Le 3 décembre 2022, il a été déclaré au titre des salaires du conjoint les montants suivants : septembre 2022 – 1.757 euros ; octobre 2022 – 1.928 euros ; novembre 2022 – 1.424 euros.
Le 2 mars 2023, il a été déclaré au titre des salaires du conjoint les montants suivants : décembre 2022 – 1.806 euros ; janvier 2023 – 1.947 euros ; février 2023 – 1.800 euros.
L’enquête a permis d’établir au vu des bulletins de paie du conjoint que les acomptes sur salaires versés chaque mois n’ont pas été déclarés et que l’enfant [H] avait eu une activité salariée non déclarée en sus de ses études
Il est constant et non contesté que Madame [D] [E] a fait des déclarations inexactes et/ou incomplètes auprès des services de la CAF. La matérialité des faits est établie.
Sur leur gravité, le tribunal retient à l’instar de la CAF que les fausses déclarations effectuées par Madame [D] [E] se sont répétées à plusieurs reprises pour les salaires de Monsieur d’avril 2022, juin 2022, juillet 2022, août 2022, septembre 2022, octobre 2022, novembre 2022, décembre 2022, janvier 2023, février 2023, le tout sur 4 déclarations trimestrielles successives.
Il ne s’agit donc pas d’un oubli ou d’une erreur isolée s’agissant de déclarations trimestrielles du salaire de Monsieur pour lequel il était habituel qu’il perçoive des acomptes sur salaire, Madame [D] [E] ne pouvant ignorer sur toute la période considérée d’une année de mars 2022 à février 2023 le salaire réel de Monsieur qui n’était jamais inférieur à 2.000 euros et la typologie identique des bulletins de paie.
Au titre du salaire faussement déclaré le plus significatif à hauteur de 496 euros pour le mois de juillet 2022, il n’est pas sérieux pour Madame [D] [E] de prétendre avoir confondu cette somme avec l’entièreté du salaire de son conjoint sur ce mois.
Par ailleurs, à l’instar de la CAF, le tribunal relève que pour le mois de mai 2022, le salaire réel mensuel a été déclaré correctement avec l’acompte.
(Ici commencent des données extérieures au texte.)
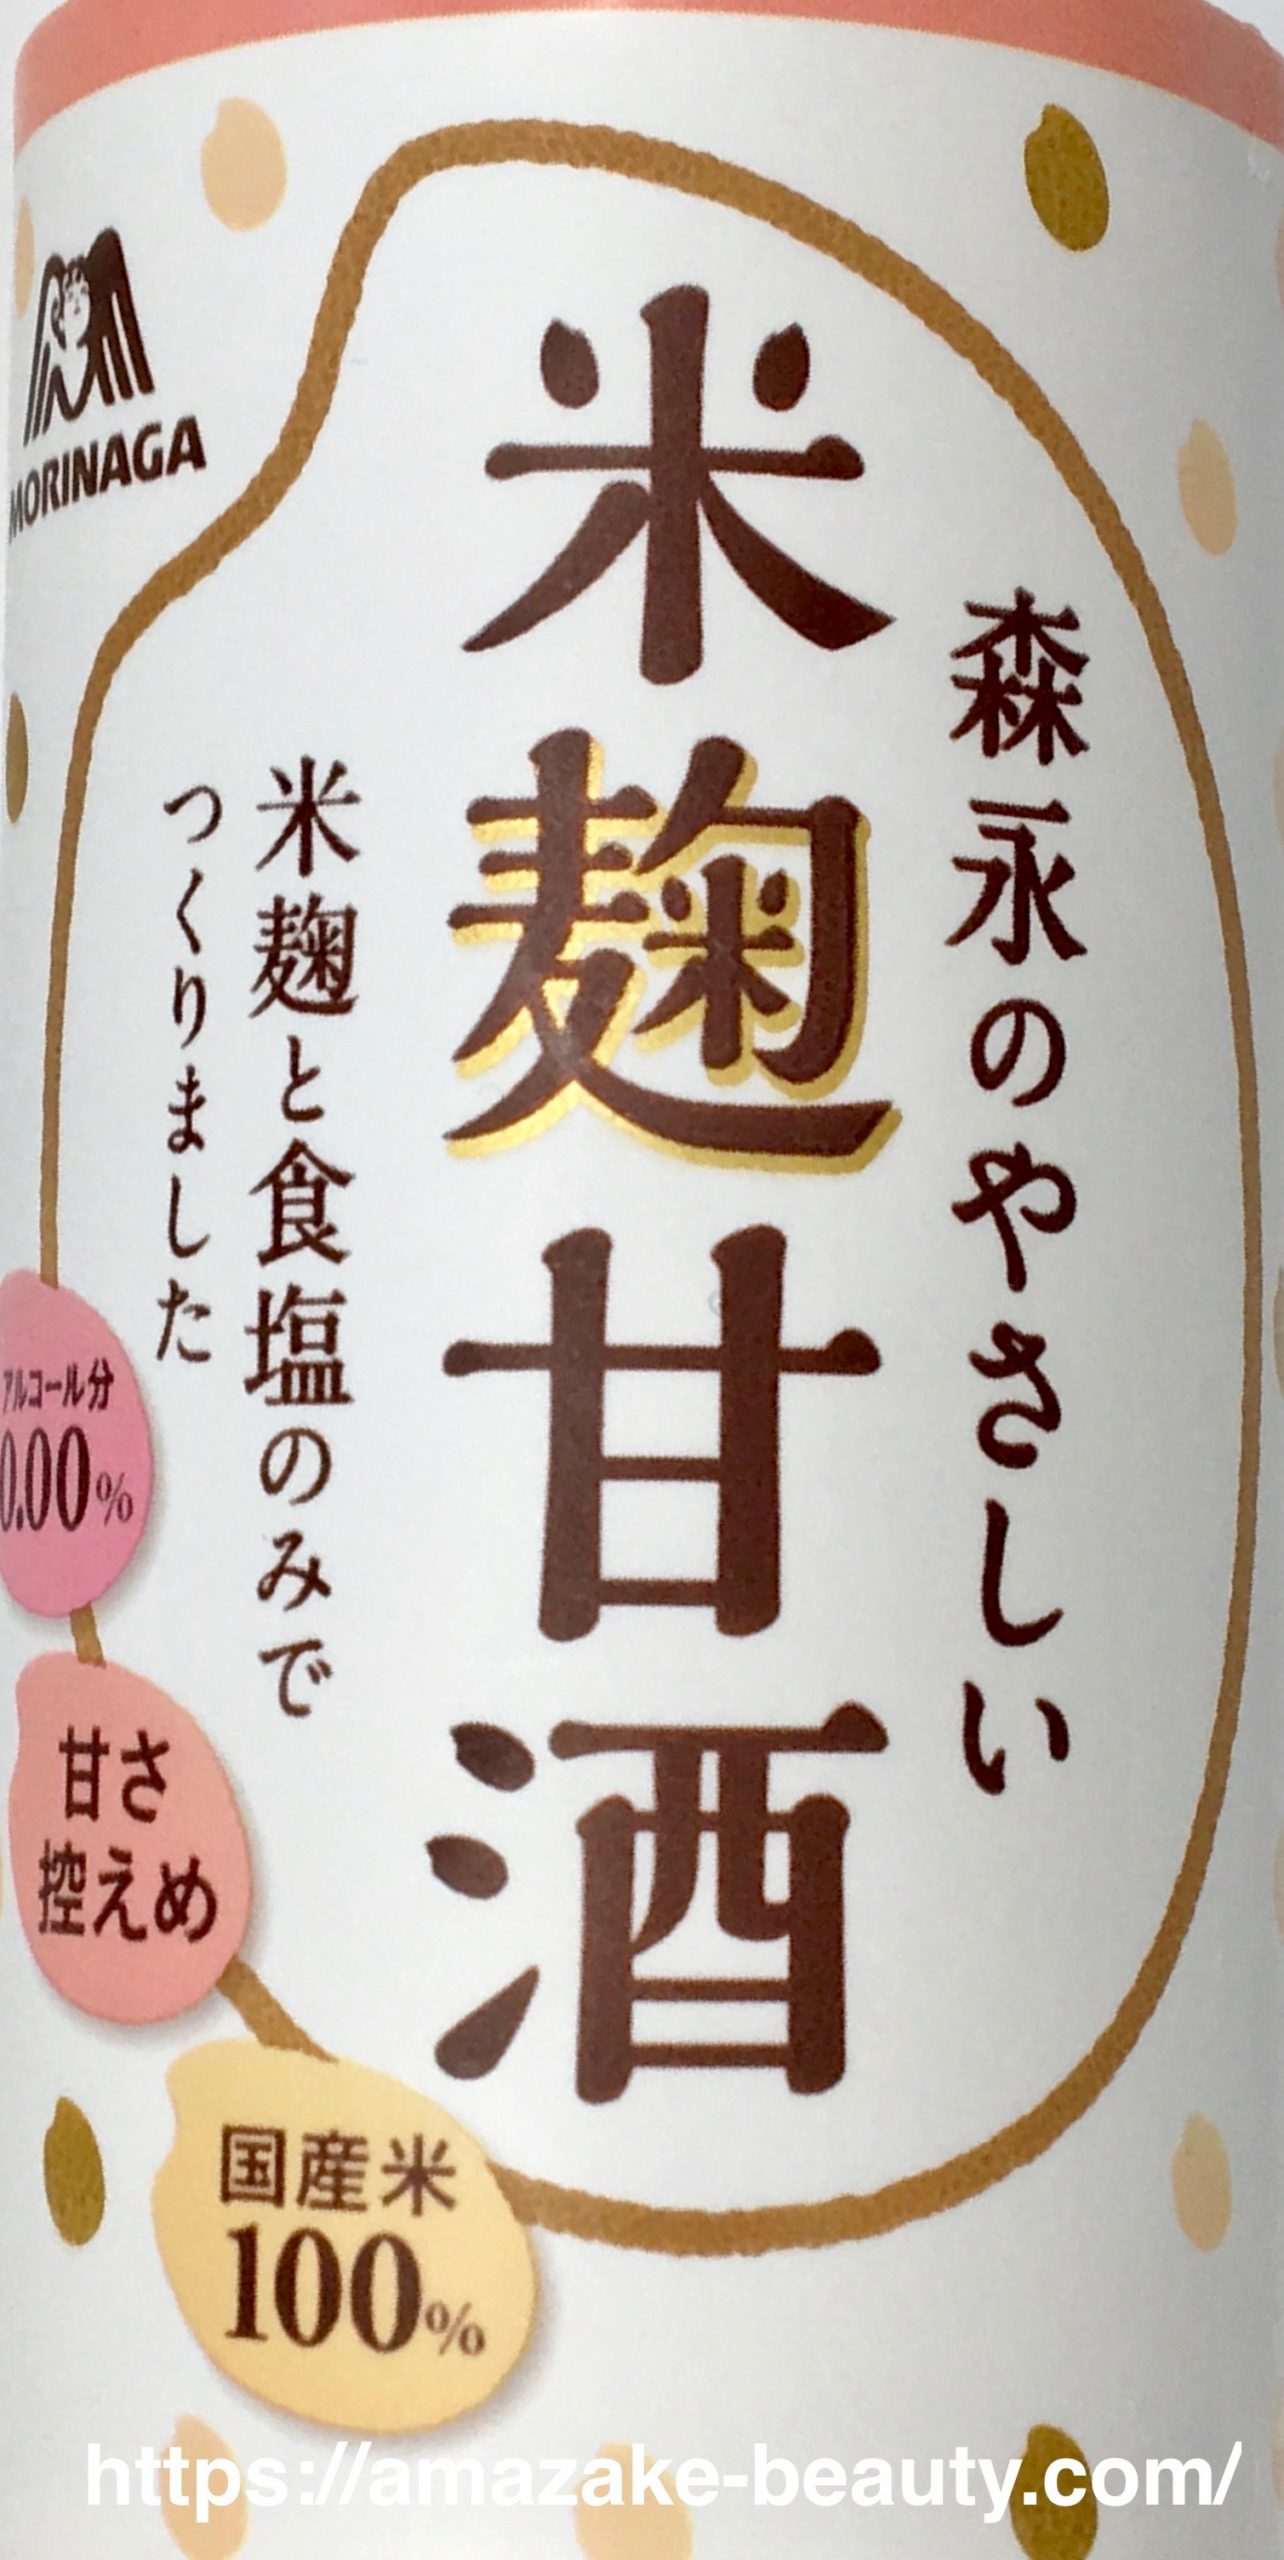 【甘酒】森永製菓『森永のやさしい米麹甘酒』(パッケージデザイン)

Madame [D] [E] ne pouvait pas ignorer ses obligations déclaratives de l’ensemble des revenus notamment de son conjoint au regard des acomptes de salaire qui étaient
bien perçus sur les comptes avant la fin du mois.
Enfin, le rapport d’enquête a rappelé que l’allocataire a fait l’objet en septembre 2021 et en octobre 2022 de contrôles d’activité/ressources l’ayant rappelé expressément à l’obligation de déclaration précise et exacte de la totalité des ressources du foyer.
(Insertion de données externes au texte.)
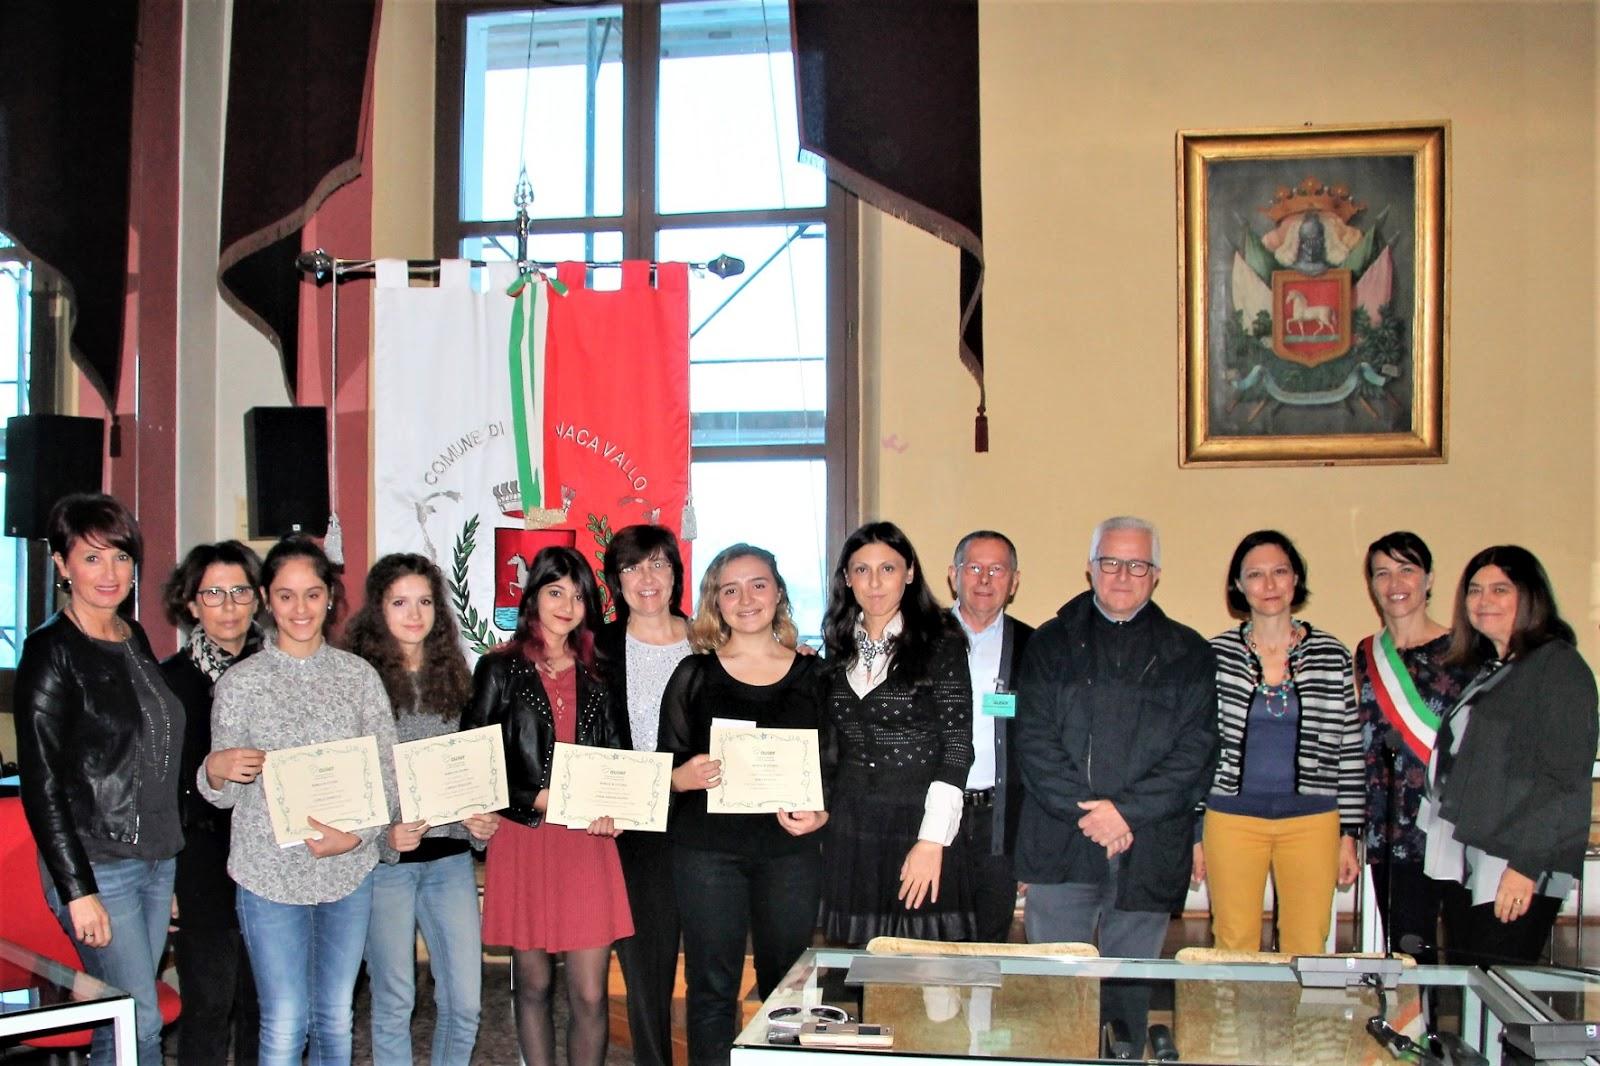 d9c49c071b Diplomi di Inglese e borse di studio consegnati in municipio di Bagnacavallo

Or, des ressources incorrectes ont été successivement déclarées sur les mois de décembre 2022, janvier et février 2023.
Les indus résultant des fausses déclarations ont été chiffrés à un total de 4.475,51 euros que Madame [D] [E] a indument perçu.
Eu égard au montant des indus et à la répétition des fausses déclarations, il apparaît, qu’il a été fait une application non excessive des textes, la pénalité financière sera, en conséquence, maintenue à la somme de 700 euros.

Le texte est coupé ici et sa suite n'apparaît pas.